Анна Андреевна, не шевельнув бровью, ответила:
— Я и тогда верила и сейчас верю в справедливость. (У нее был
расстрелян муж, сидел сын…)
А Зощенко позволил себе черт знает что: мол, и тогда ему все
казалось диким и сейчас кажется.
Анну Андреевну выслушали молча, Зощенко зааплодировали,
защелкали фотоаппараты.
А спустя несколько дней в «Ленинградской правде», без
объяснений, без ссылок на приезд английских студентов, еще раз крепко ударили
по Зощенко. И сработала обычная история. Долбанули в газете, теперь надо
собирать общее собрание писателей.
Председательствовал Кочетов, из Москвы прибыл Симонов.

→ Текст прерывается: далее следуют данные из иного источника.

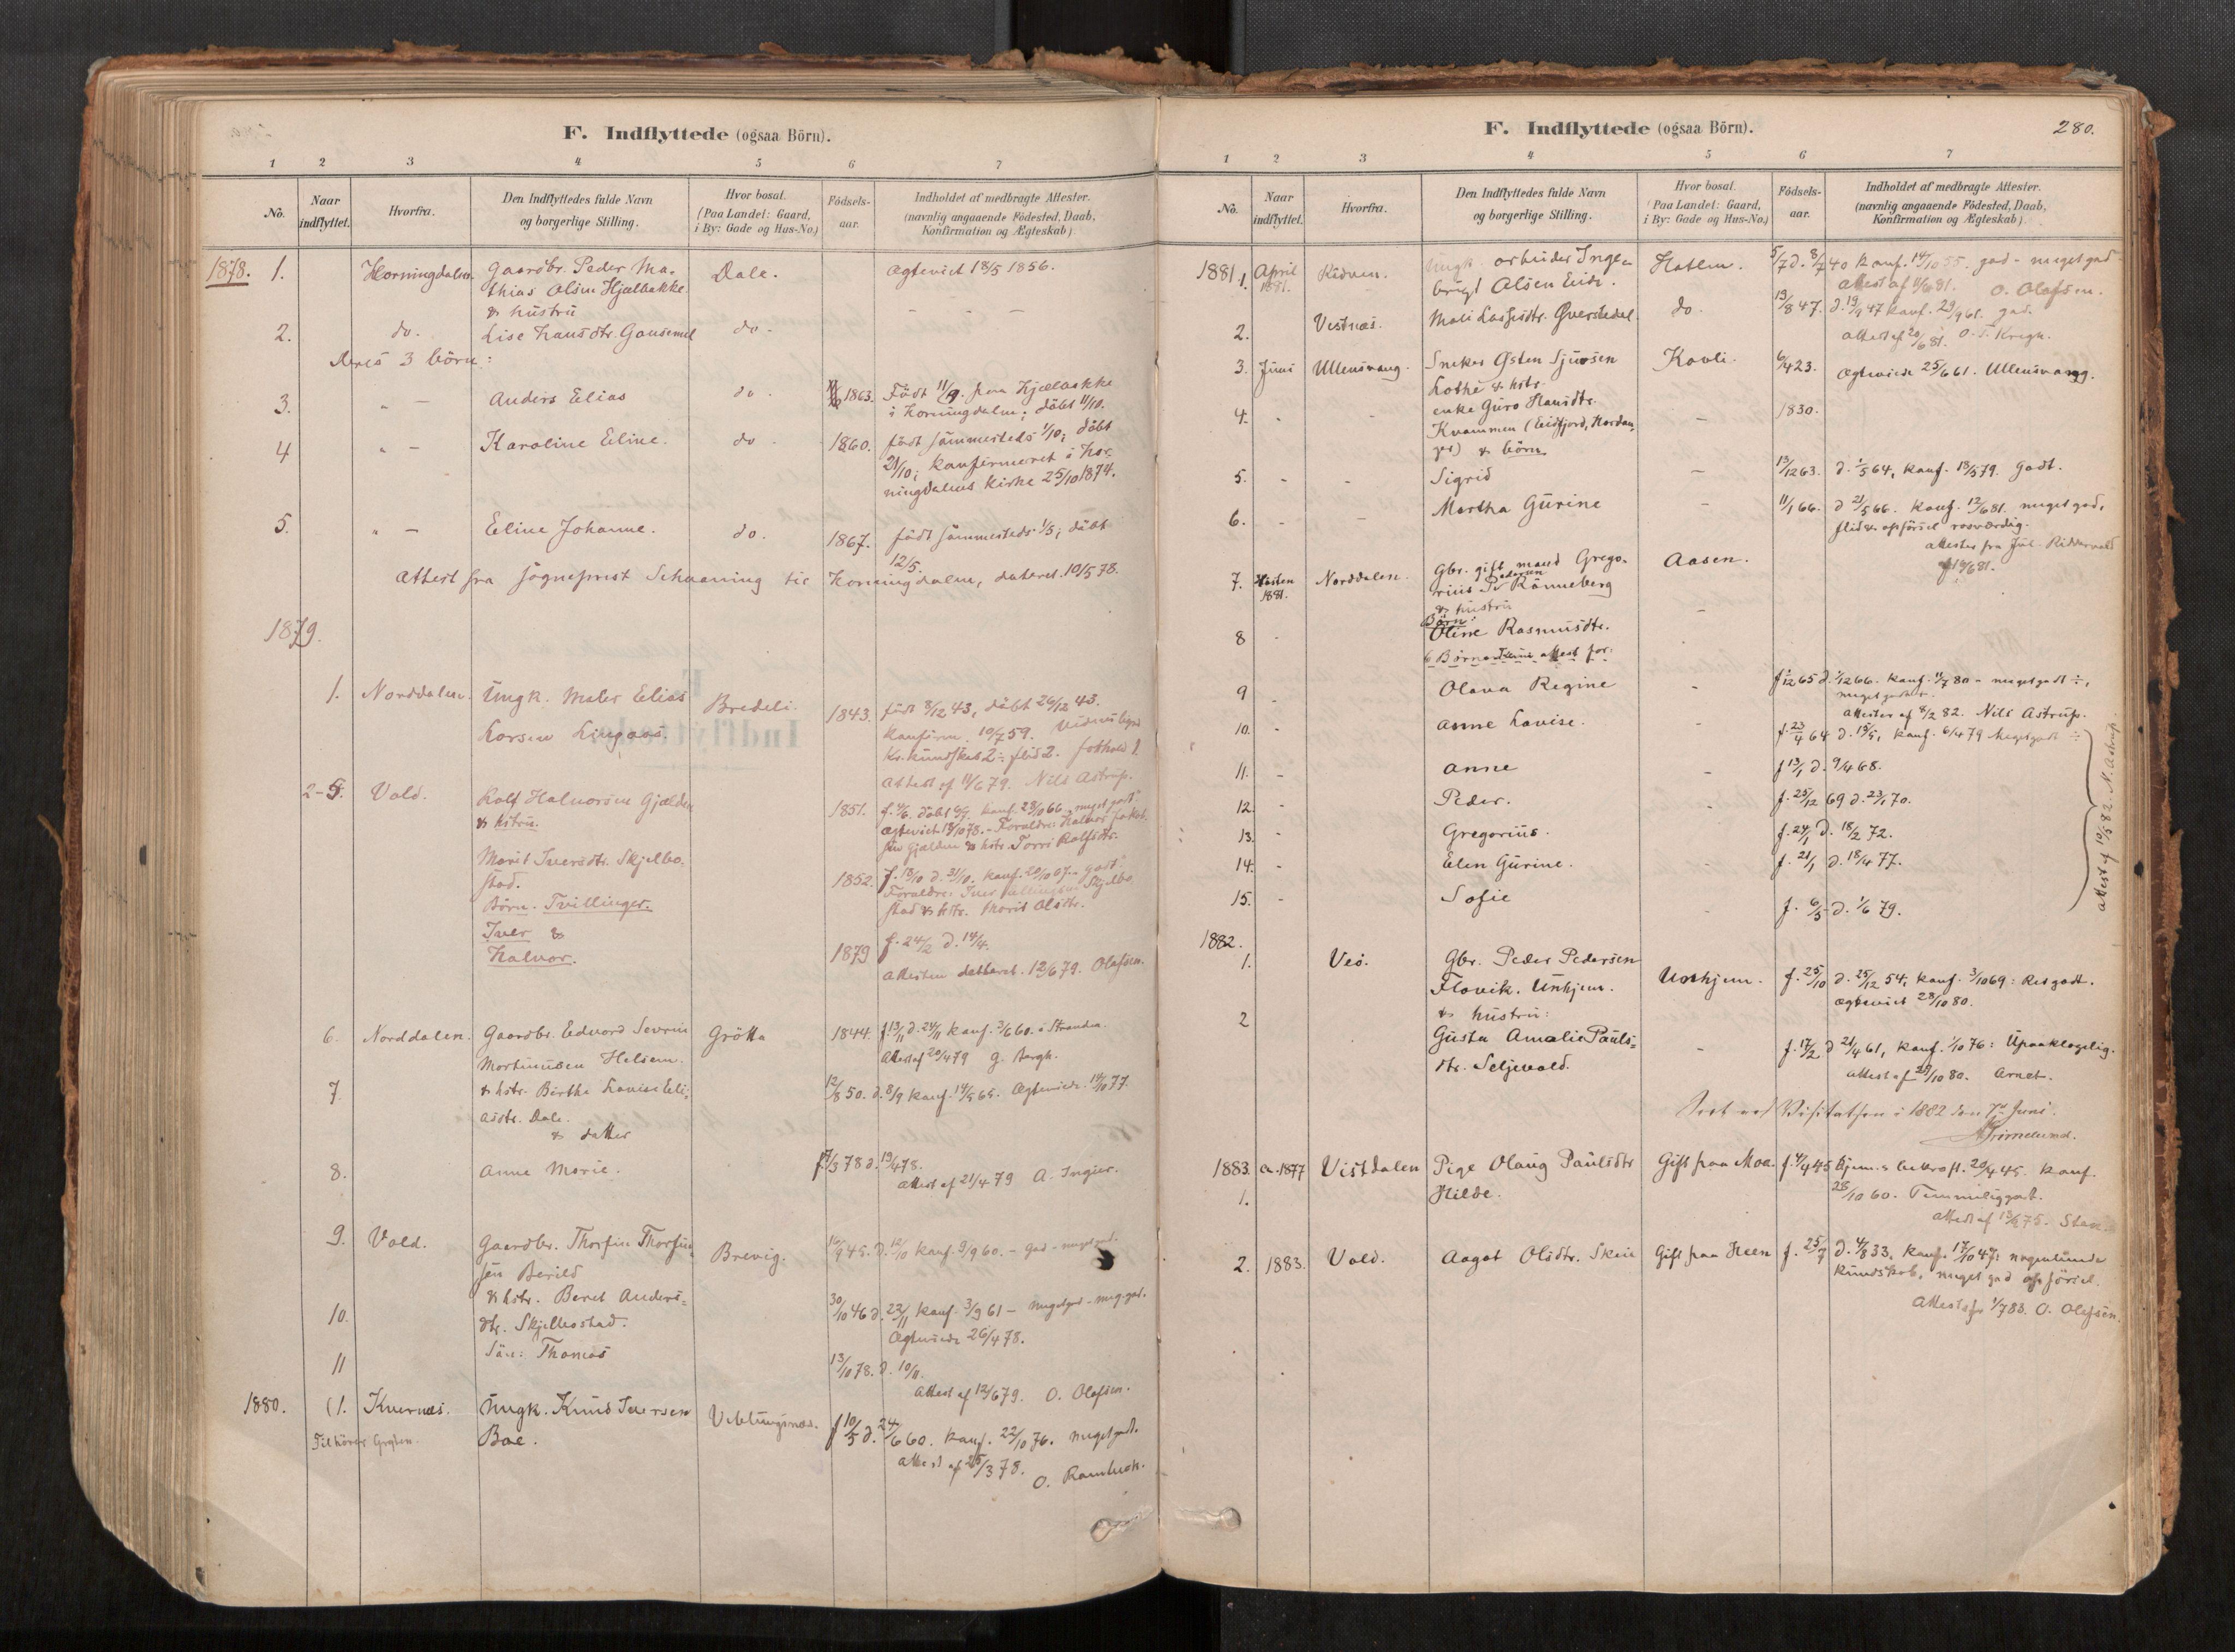 SAT, Grytten sokneprestkontor, Ministerialbok nr. 545A03, 1878-1920, s. 280

Прихожу, а собрание никак не начинают. Я в Союзе с 1936 года, знаком с
секретарями, разузнал: просят Зощенко выступить с покаянием. Симонов
уговаривал: все ведь пройдет, все забудется, вы только скажите, что были
неправы… Зощенко вроде бы согласился, можно было выпускать его на сцену. Во
время его выступления я стоял в конце зала, в проходе — вошел в последнюю
секунду, бегал хватить коньяка. Так вот во время речи Зощенко я заплакал,
физически заплакал. Зощенко говорил о том, как его оскорбил Жданов и что это
оскорбление унижает нас всех. Писателя назвали трусом и подонком, а именно
такими словами пользовались в постановлении о журналах «Звезда» и «Ленинград»,
эти слова нравились Сталину, и все об этом знали. Зощенко говорил страстно. Зал
сидел ко мне спиной, но я был уверен, что мои чувства разделяют все. Здесь было
много моих друзей, почитателей и обожателей Михал Михалыча. Зощенко вдруг прервался и кинул в зал:
— Не надо мне вашего снисхождения… — махнул рукой и ушел.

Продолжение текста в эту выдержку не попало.